Segment Start: Material for this task
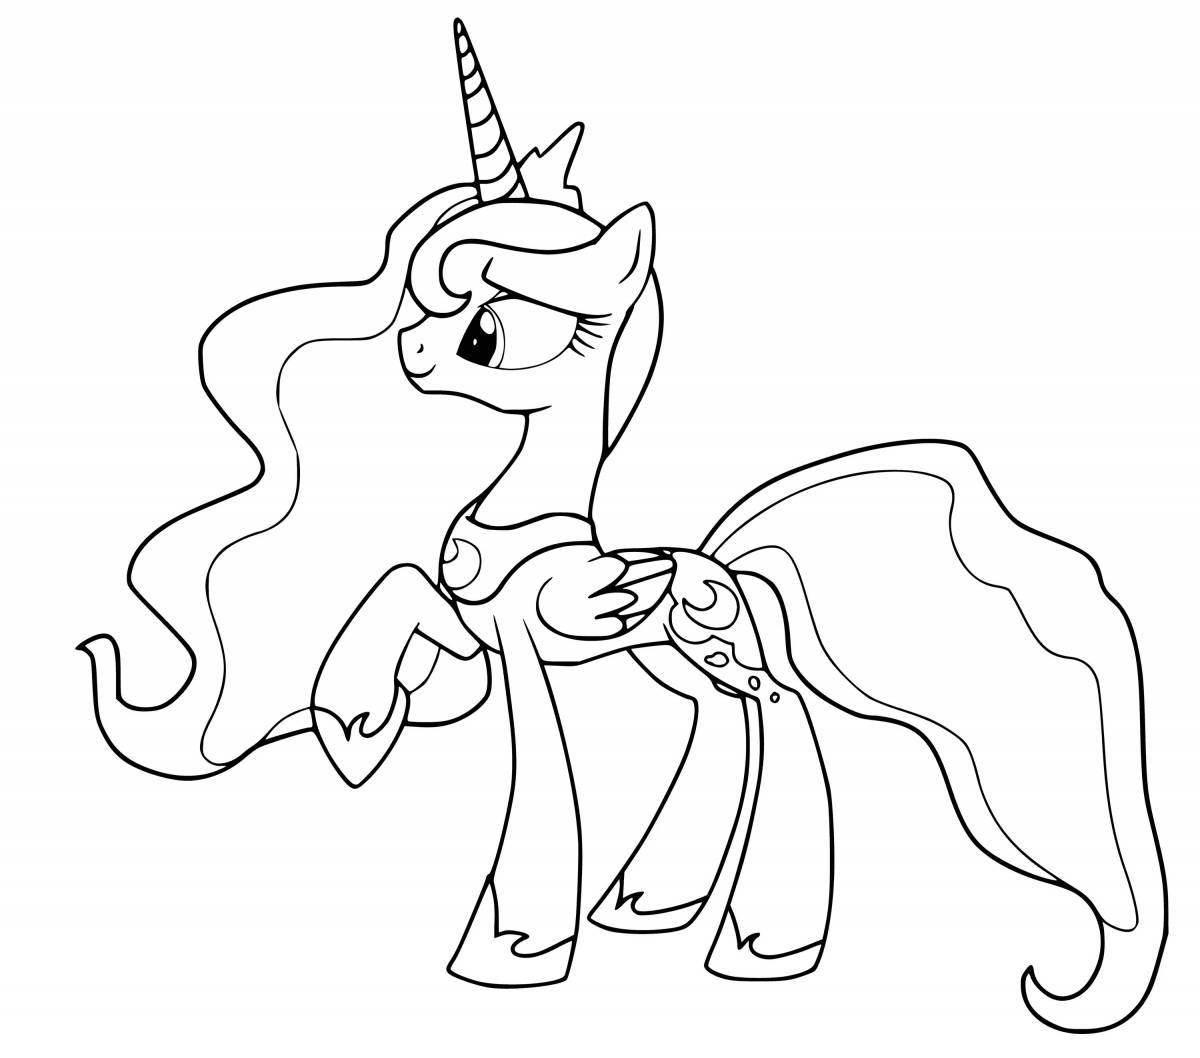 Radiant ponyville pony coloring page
Segment End: Material for this task
Segment Start: Material for this task
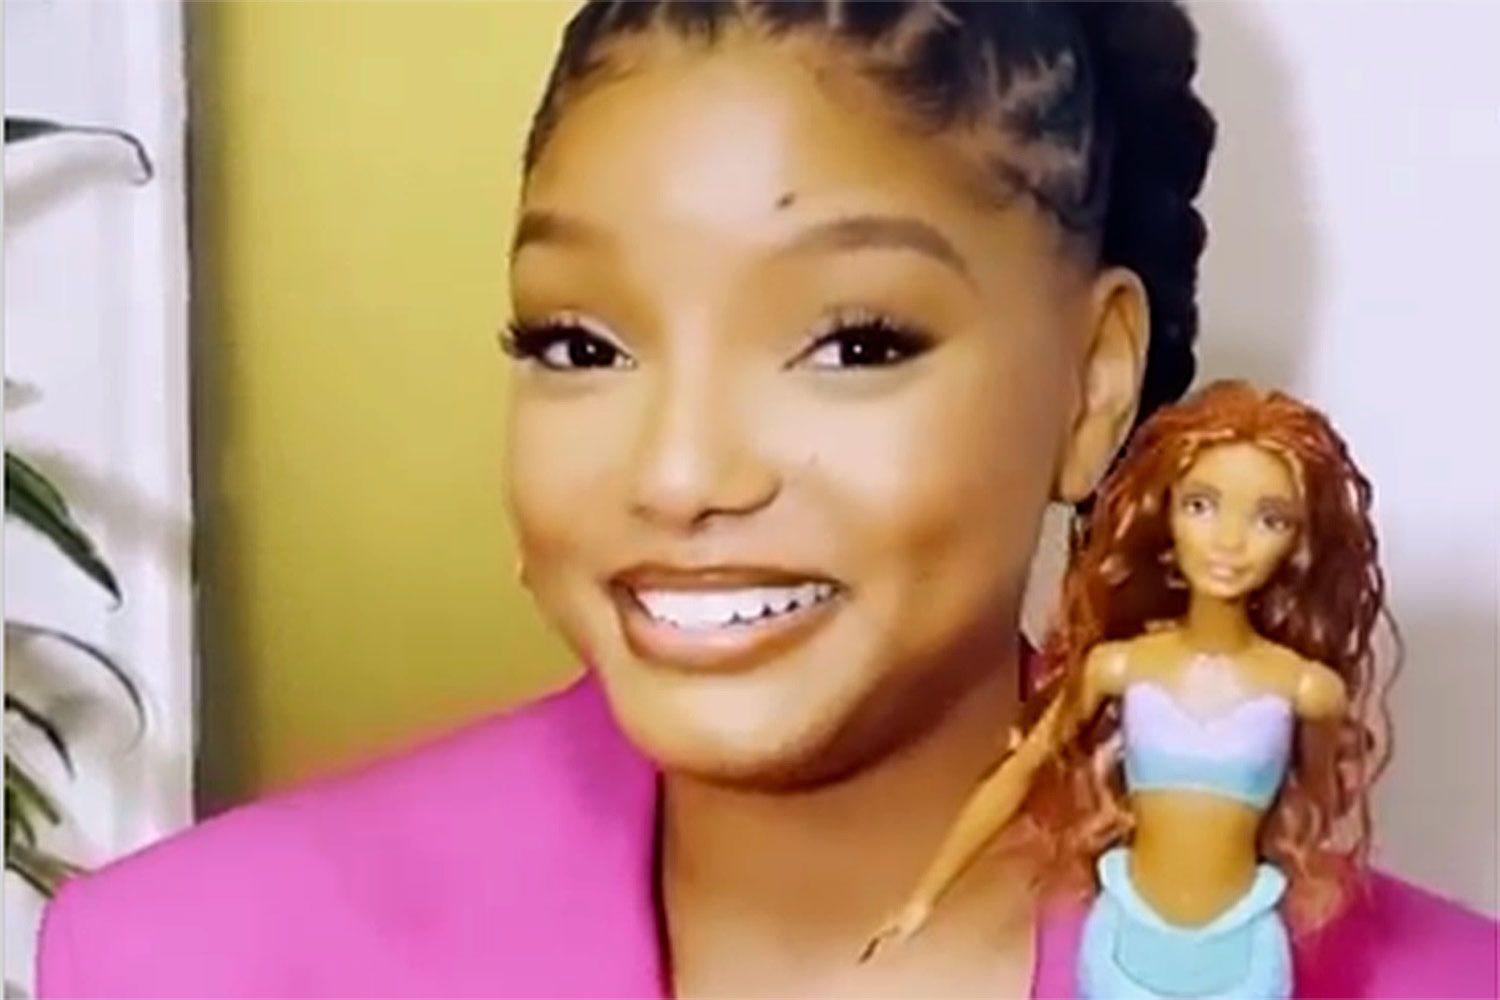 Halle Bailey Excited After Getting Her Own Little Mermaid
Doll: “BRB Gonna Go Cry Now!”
Segment End: Material for this task
Segment Start: Material for this task
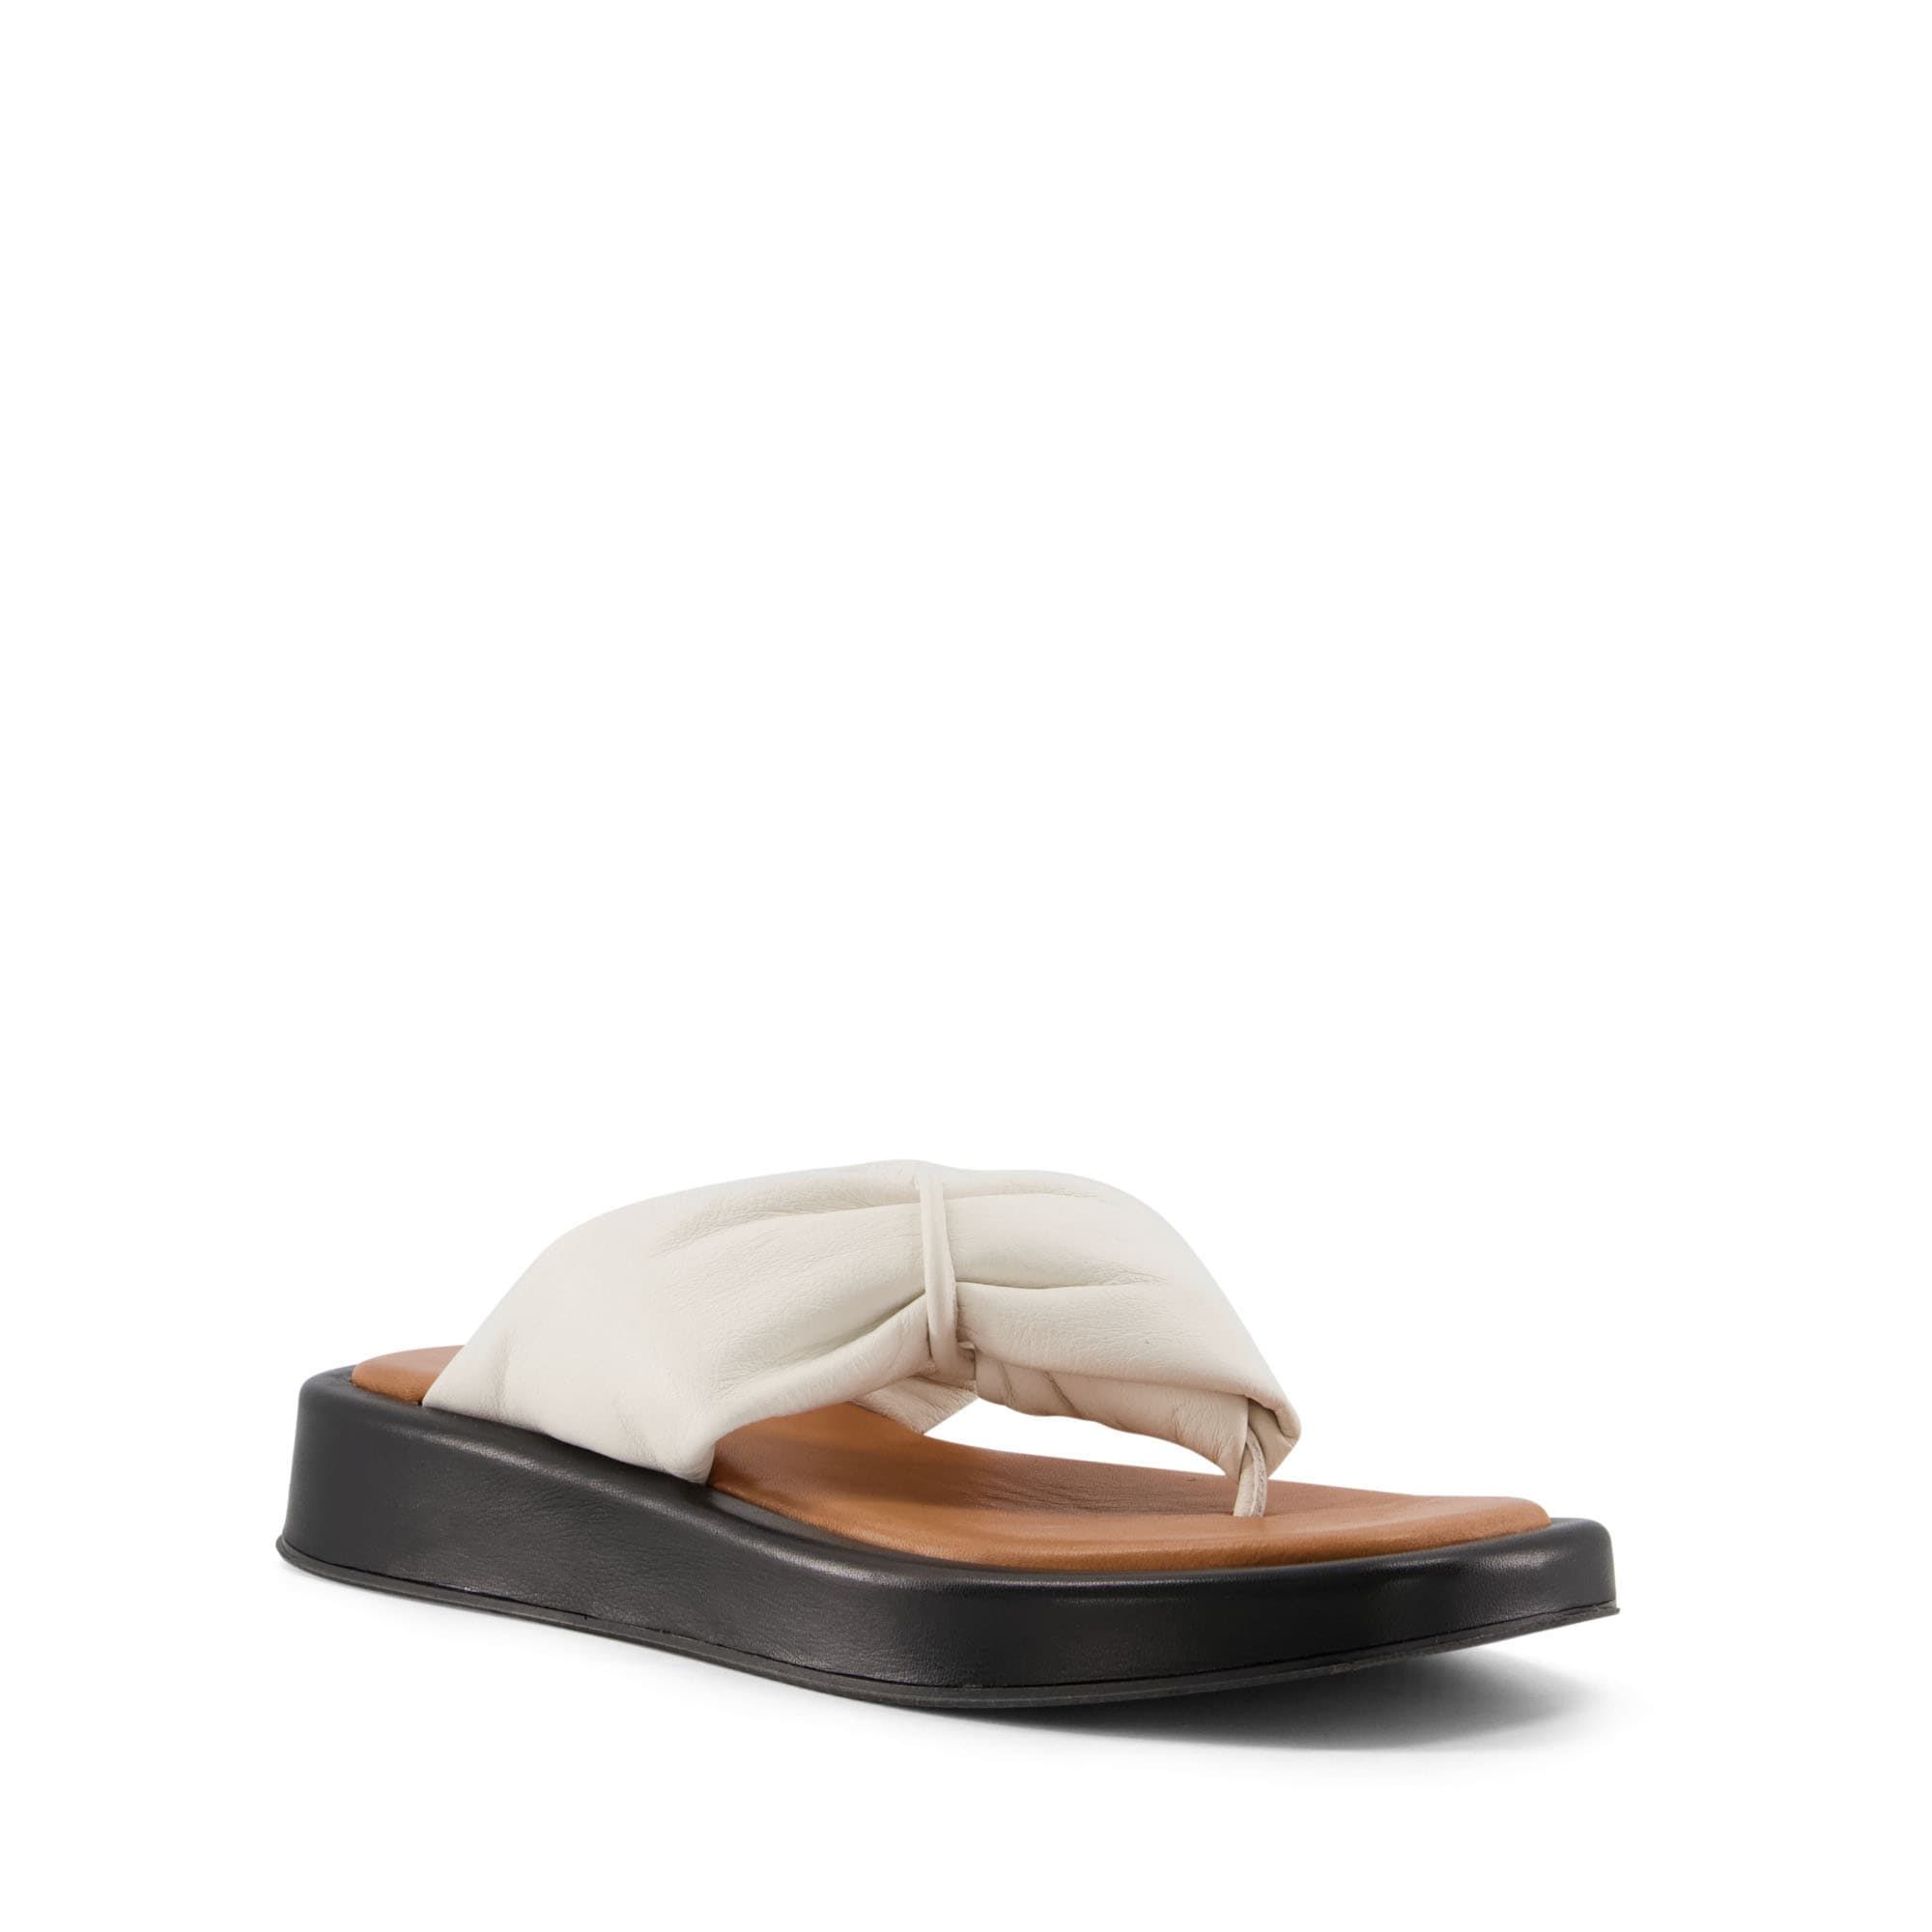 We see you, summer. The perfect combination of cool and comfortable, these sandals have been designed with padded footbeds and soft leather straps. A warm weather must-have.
Segment End: Material for this task
- _Task instructions_
Look through the listing above for the line with "Halle Bailey Excited" and the line with "Gonna Go Cry". Write out exactly those lines and everything between, leaving out pictures.

- _Exercise answer_
 Halle Bailey Excited After Getting Her Own Little Mermaid
Doll: “BRB Gonna Go Cry Now!”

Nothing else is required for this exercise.